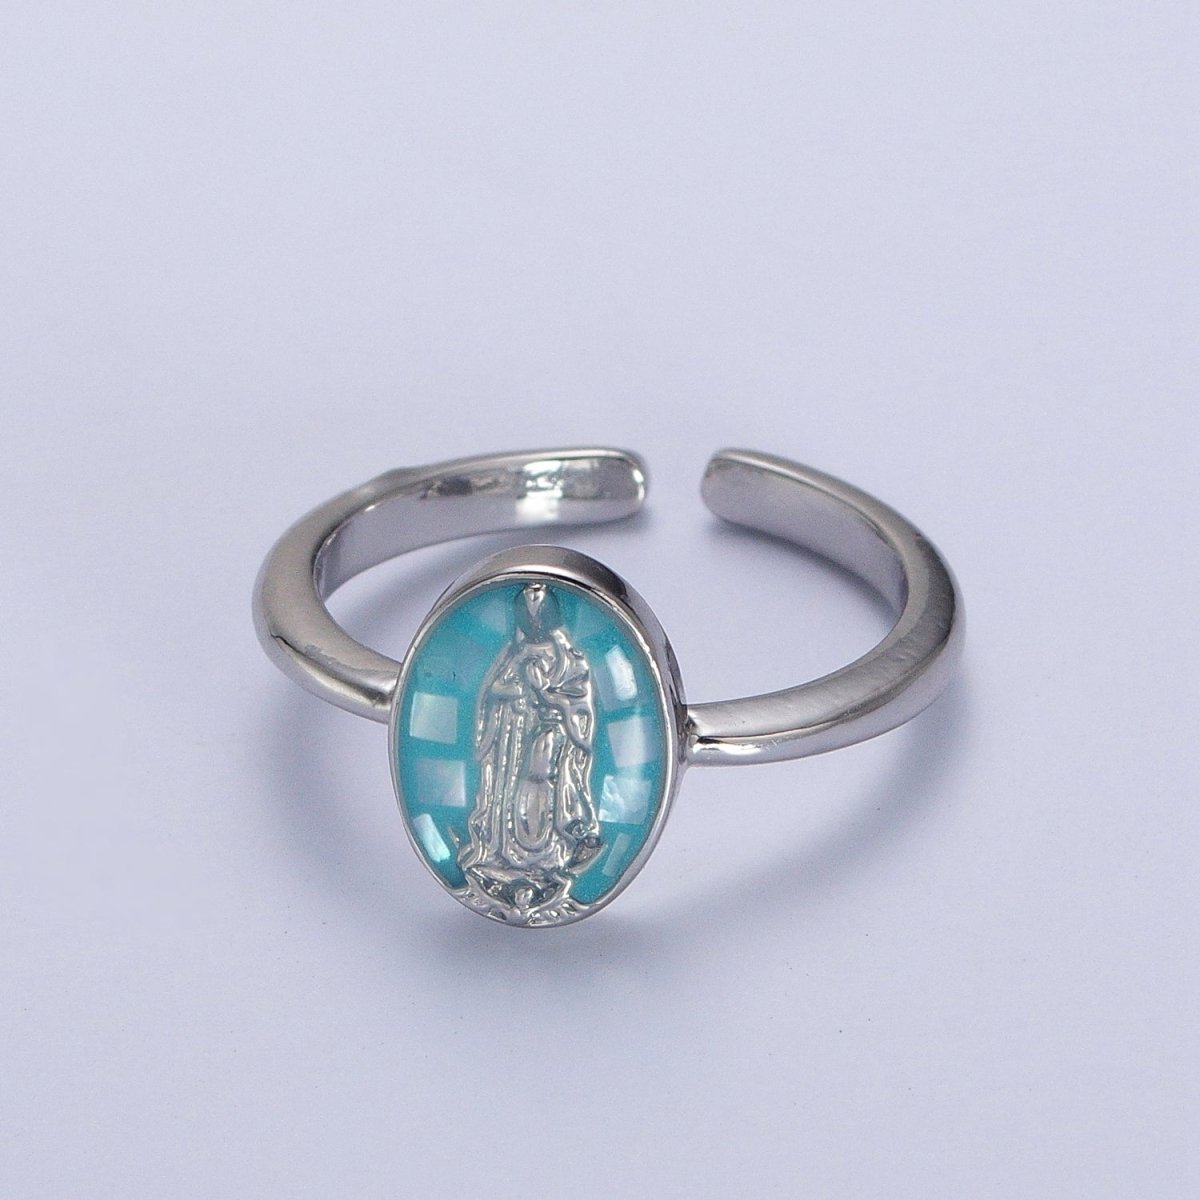 Gold Filled Oval Virgin Mother Mary Shell Opal Ring in Gold & Silver S-397 - S-400, Y-489 - Y-494 - DLUXCA
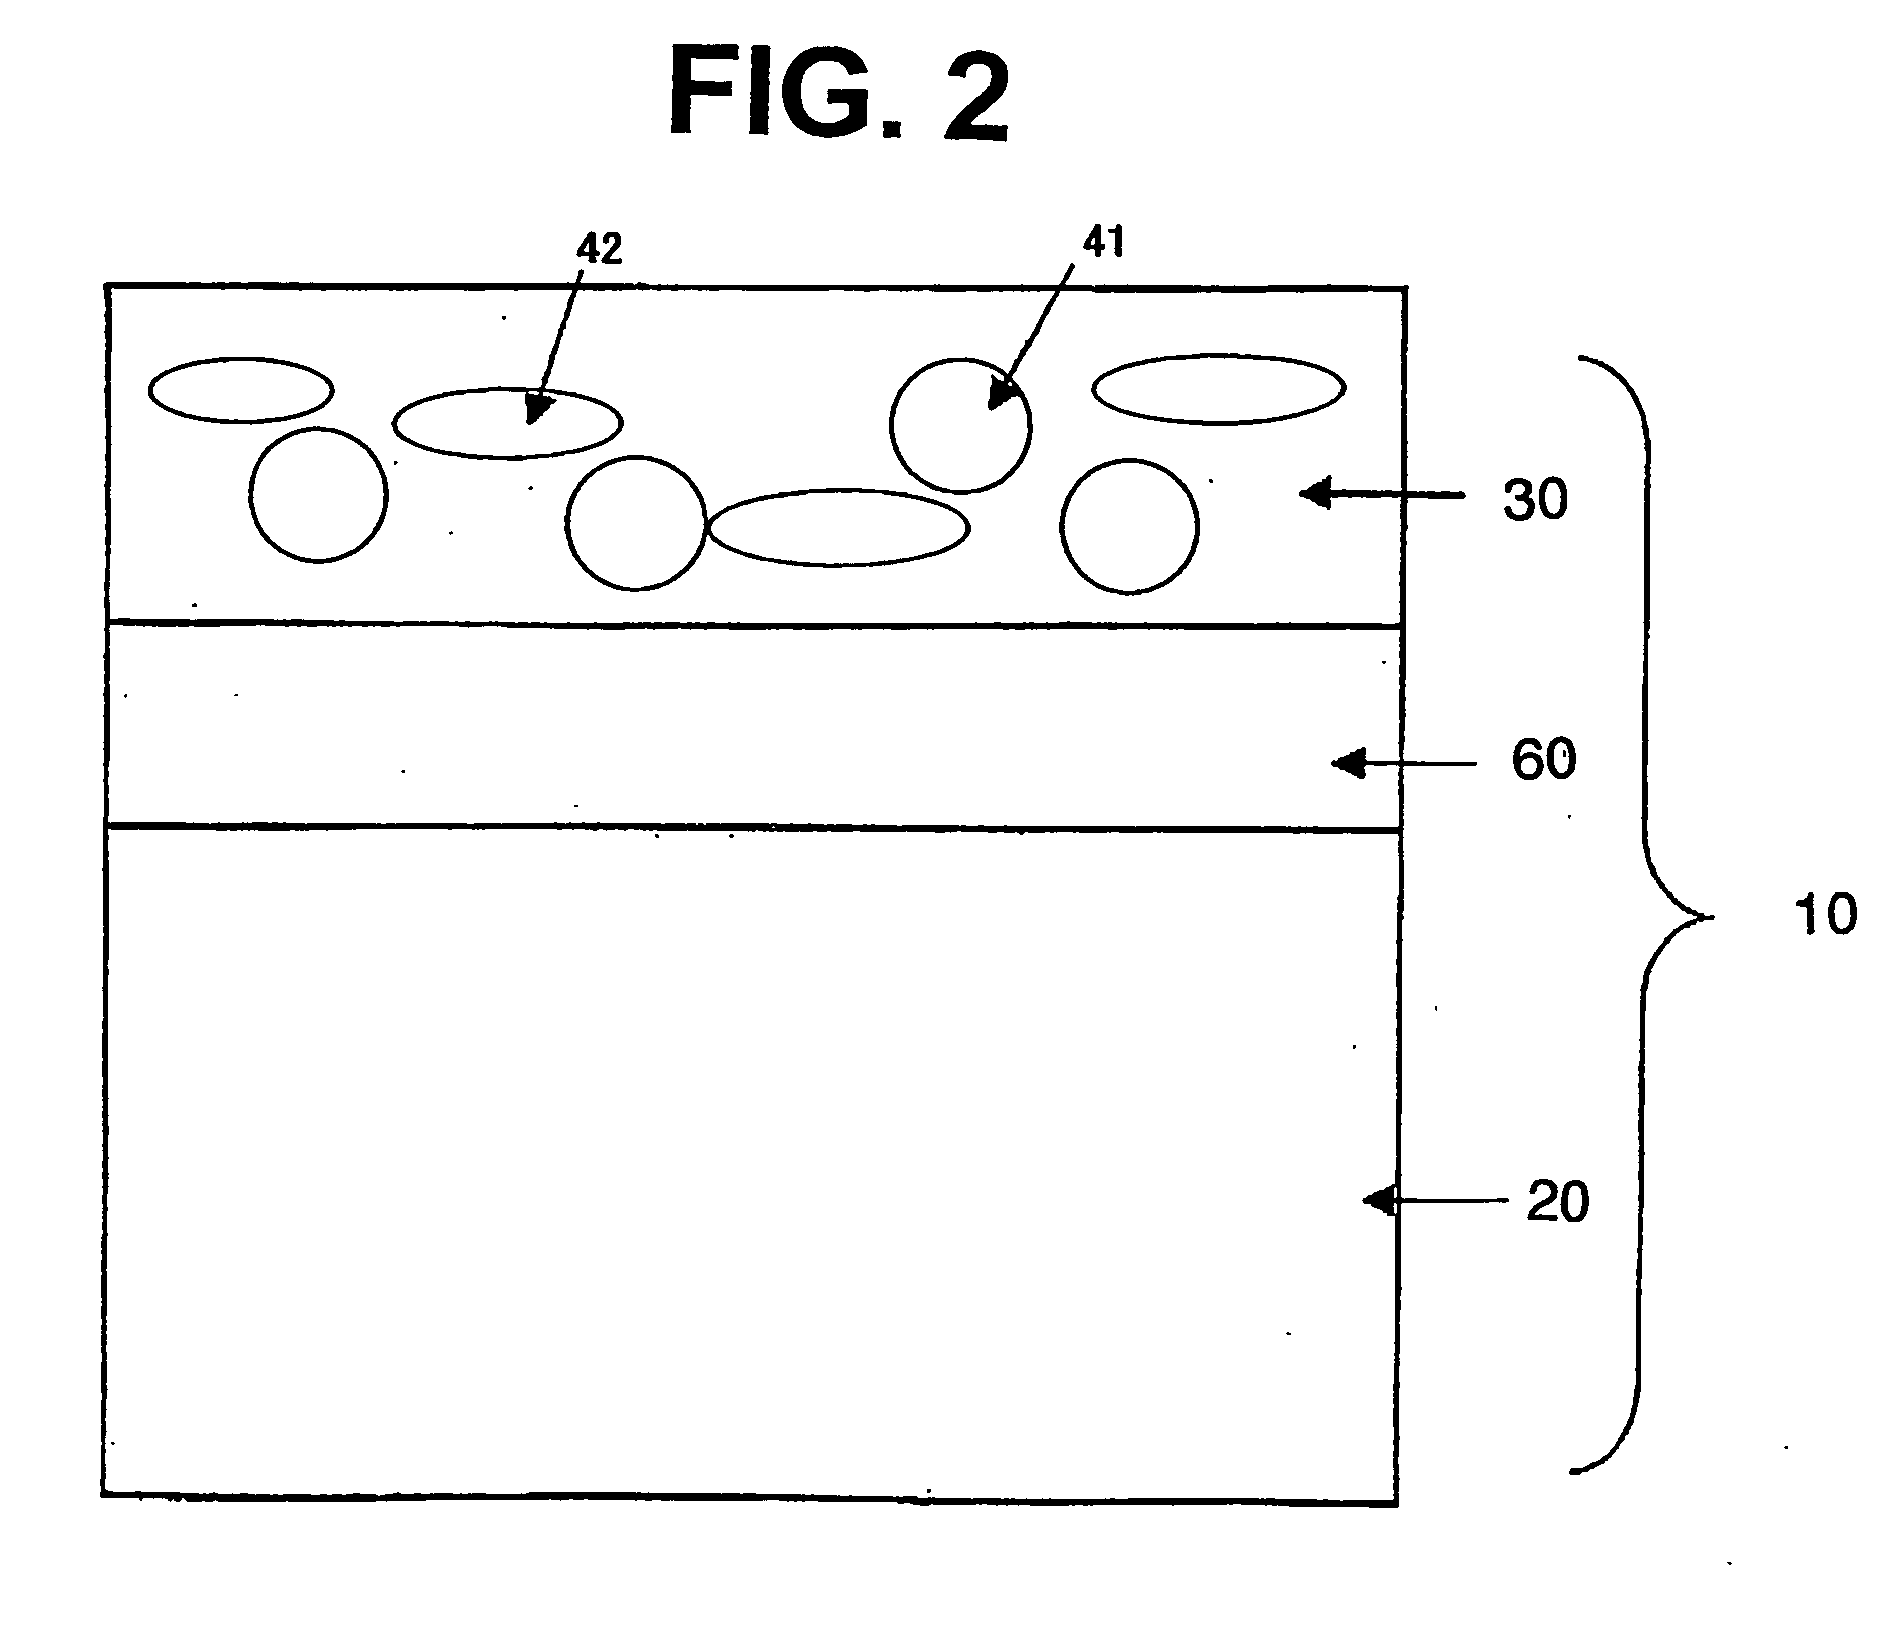 Diffusion film comprising transparent substrate and diffusion layer
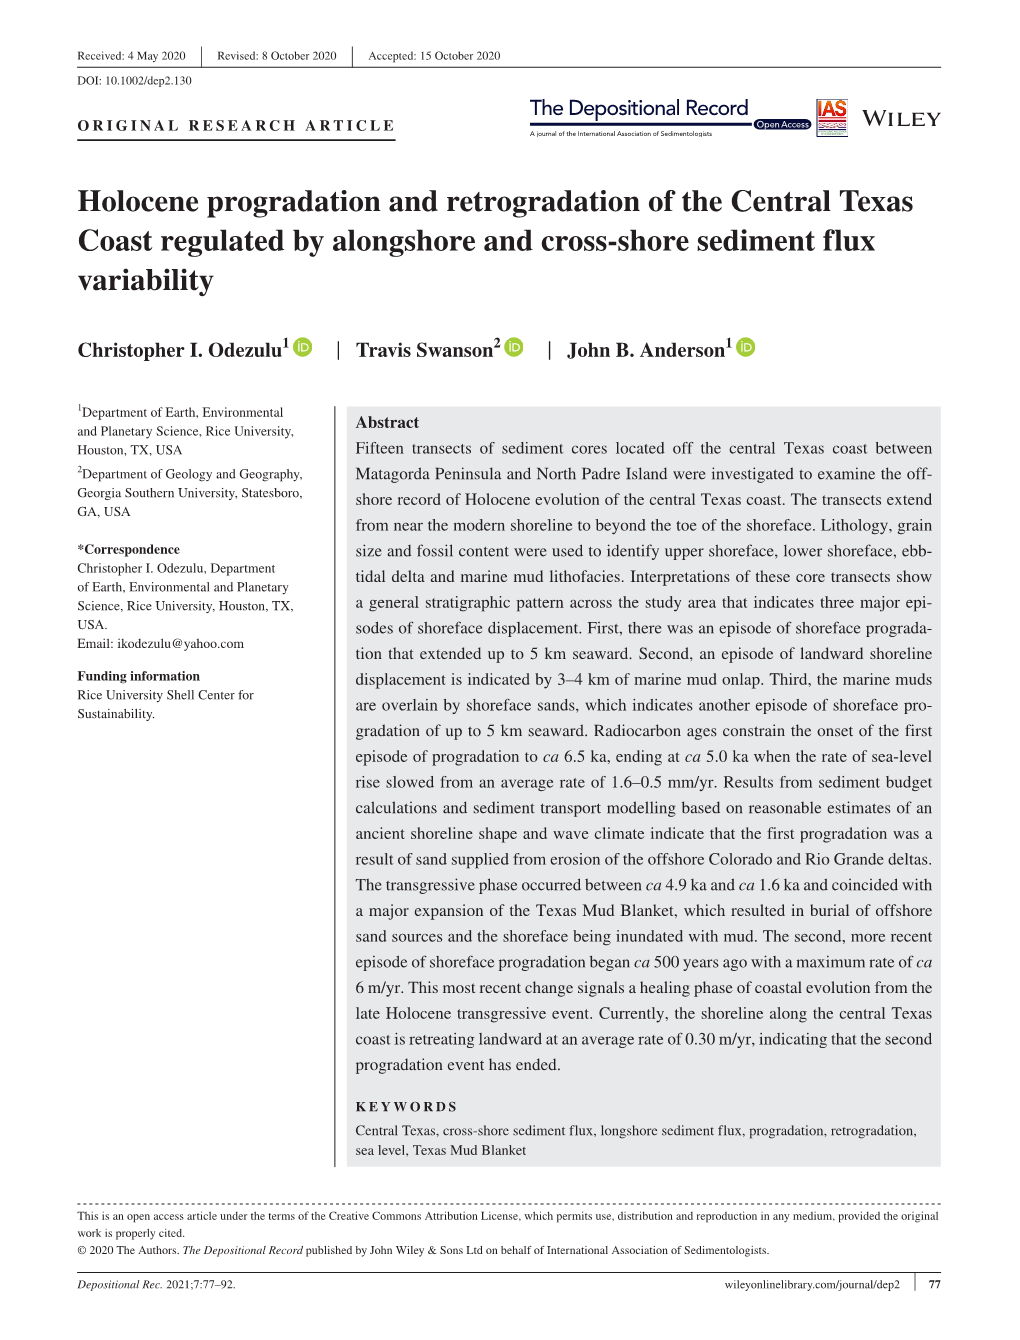 Holocene Progradation and Retrogradation of the Central Texas Coast Regulated by Alongshore and Cross-Shore Sediment Flux Variability

*Instructions to follow*: A word-for-word transcription of the listing is needed, minus its images.

*Result*:
 Gold Filled Oval Virgin Mother Mary Shell Opal Ring in Gold & Silver S-397 - S-400, Y-489 - Y-494 - DLUXCA
 Diffusion film comprising transparent substrate and diffusion layer
 Holocene Progradation and Retrogradation of the Central Texas Coast Regulated by Alongshore and Cross-Shore Sediment Flux Variability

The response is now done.